Friday, July 15, 2005

Bye Bye Bear

For its fans, Golf is a singular sport, and Jack Nicklaus is a singular golfer. I was never all that interested in golf--or indeed any sport--when I was growing up, but recently I began to follow the game rather closely. It all began in January of 1998 when I was stuck at home during a blizzard. The snow was so bad that even Ohio University closed down--something that happens only very rarely. I happened to have the TV on, and as I surfed I suddenly found myself watching something that I didn't even know existed: The Golf Channel. It was a Tuesday morning in Januray, so of course there wasn't much happening in the world of golf--not that I would have known about it if it had been. What wason was an old, black-and-white repeat of an episode of Shell's Wonderful World of Golf from sometime in the early- to mid-1960s, featuring Jack Nicklaus and Gary Player in a stroke-play match.

My father had been an avid golfer all of his life. He sometimes voiced some regret that he hadn't played professionally. Instead he was an engineer in charge of truck tire design at Goodyear, in Akron, Ohio. Because of his position he got to play a lot of golf with big-wigs, and he enjoyed showing them how the game ought to be played. I myself never got to play golf with my father, because he died, just three weeks after his 48th birthday, when I was just 7 years old.

As I watched the rerun of Jack and Gary I remembered watching grainy black-and-white TV tournaments with my dad--he sitting in his chair, I crawling around on his lap--and I suddenly felt cheated. Cheated out of a life-that-could-have-been with my father. Instead of getting all maudlin and sentimental about it, though, I decided upon a much more rational course of action: I took up golf. At the age of 40.

I started watching golf on TV regularly--in color this time, following Tiger instead of the Bear as my father had done.
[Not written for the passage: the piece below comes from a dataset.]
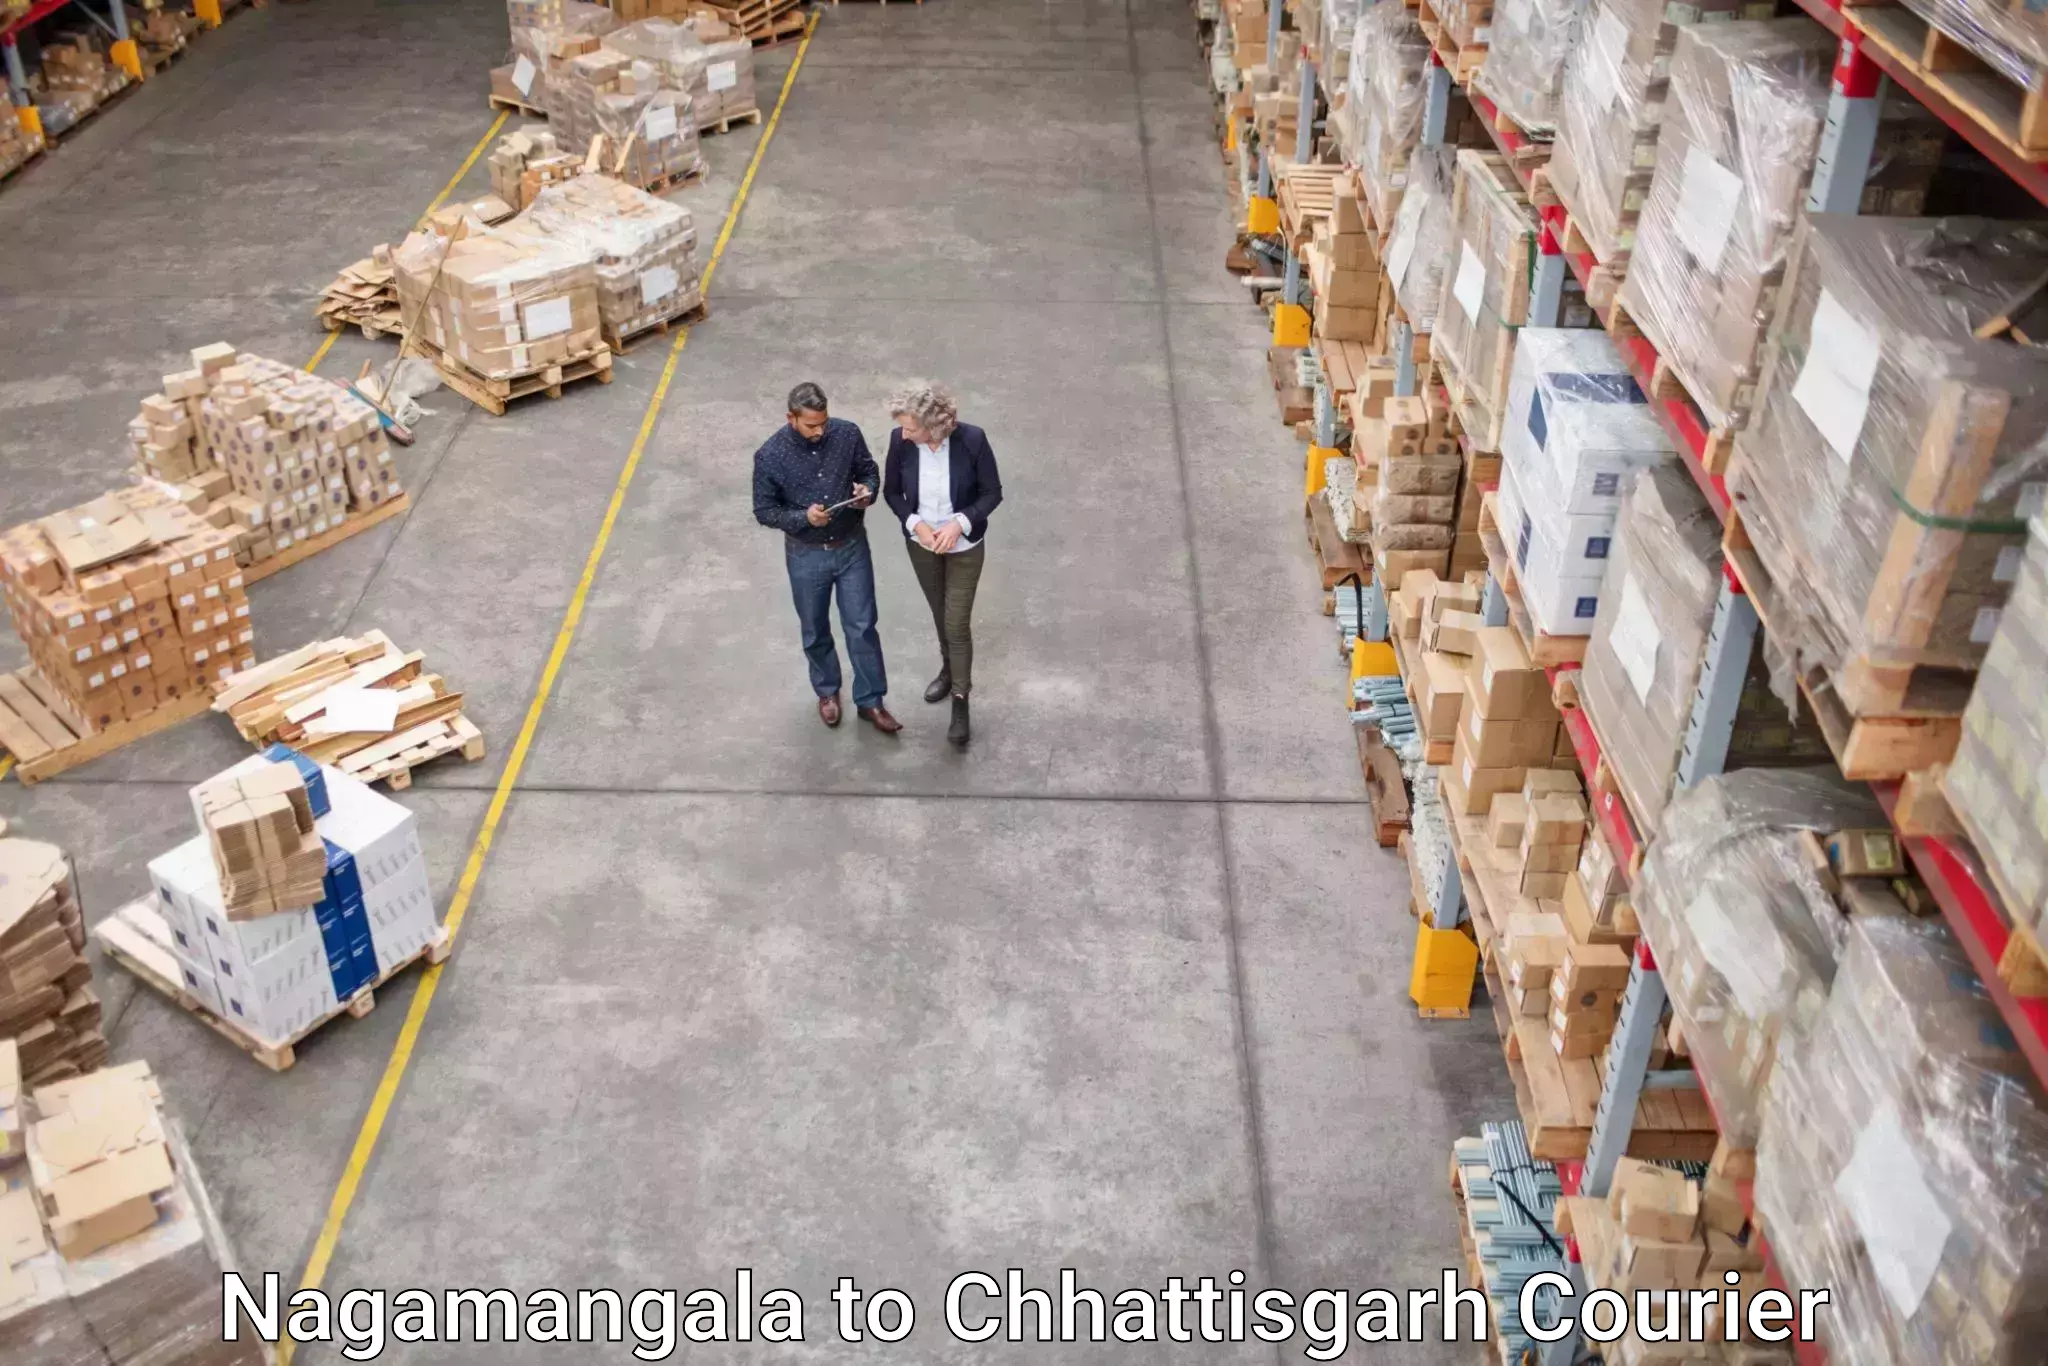 Local delivery service Nagamangala to Chhattisgarh
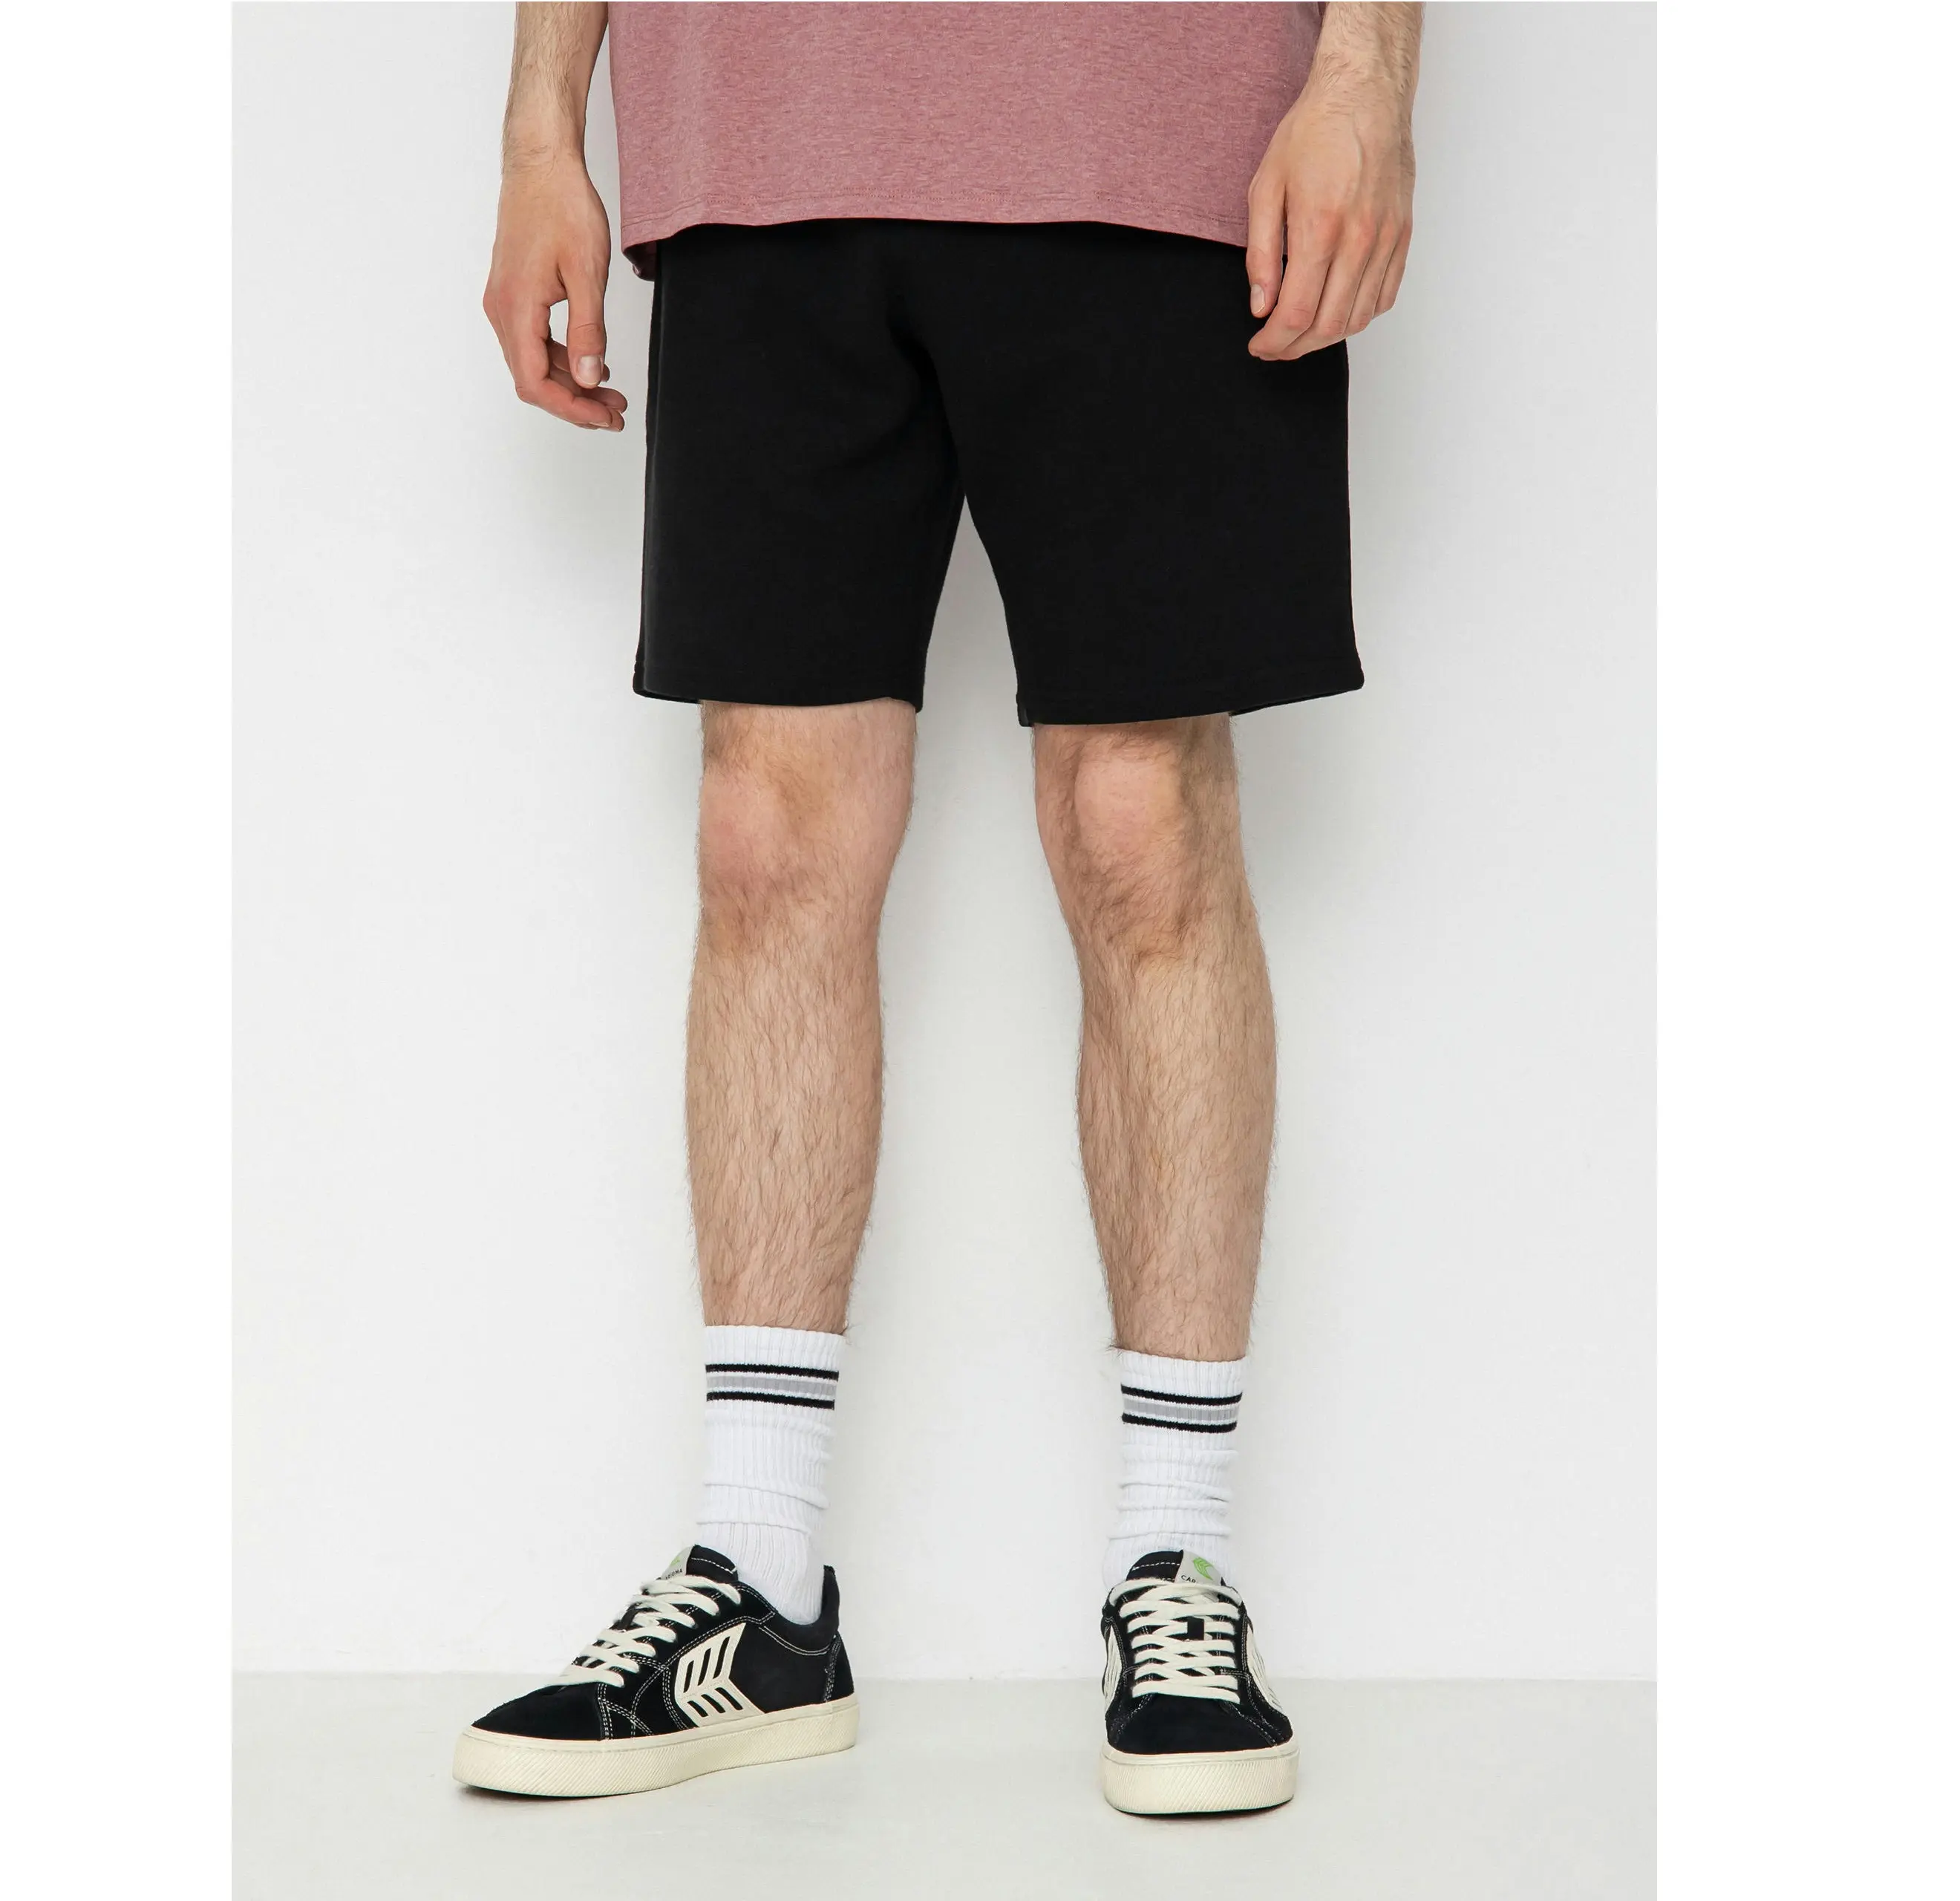 Oem verão masculino ginásio usar shorts de jogger com bolso treino logotipo personalizado em relevo calças curtas de corrida de secagem rápida para homem

I started going to the driving range with an old half-set of clubs that I got at a garage sale for $20. Before the summer was over, I had played half a dozen rounds at the OU golf course (a 9-hole par three, at the time; since then it has been upgraded considerably).

Since I was interested in Tiger, and Tiger is interested in Jack, I learned a lot about Jack, too, and watching the tapes of his very early career, when they were on, always reminded me of my father. I began to love the game of golf--perhaps in a way not unlike the way my dad loved it. But my dad was a scratch golfer, while I totally suck.

On the other hand, I'm having a great time. Golf is a lot of fun to play, even when it is frustrating--which for me it usually is--and as I walk the fairways (or, well, in the tall grass or bushes that run alongside of them) I often think of my dad. It's fair to say that we never really knew each other, but I can't help but feel that, when I'm having a good time playing golf, I'm knowing him just a little bit.

I spent this morning watching Jack Nicklaus play his last-ever round of golf at the British Open. It was a stirring performance--he only just barely missed the cut--and while I can't say as how I approve of sentimentality, I'm kind of a sentimentalist deep down, and I won't say that I wasn't a little misty eyed as he walked up the fairway on the 18th, to thunderous applause from galleries that were bursting at the seams, and paused on the bridge for photos with Luke Donald, Tom Watson, and the caddies.

Where did that mist come from? Jack will play again. So will I. But I'll never get to play with my dad, and perhaps that's all it is: regret over what could have been. But I also think that, through golf, I have access to at least a small part of that life. And insofar as I love my own family the way my dad loved his, I carry that part forward. My son has only a mild interest in golf, but he is already 11 and I am already 47--it looks like we'll have a much better chance, than my dad and I had, of living a whole life together.

When Michael watches Tiger Woods play his final round at a British Open, I'll be sitting right there next to him.

Hopefully in the Gallery at the 18th.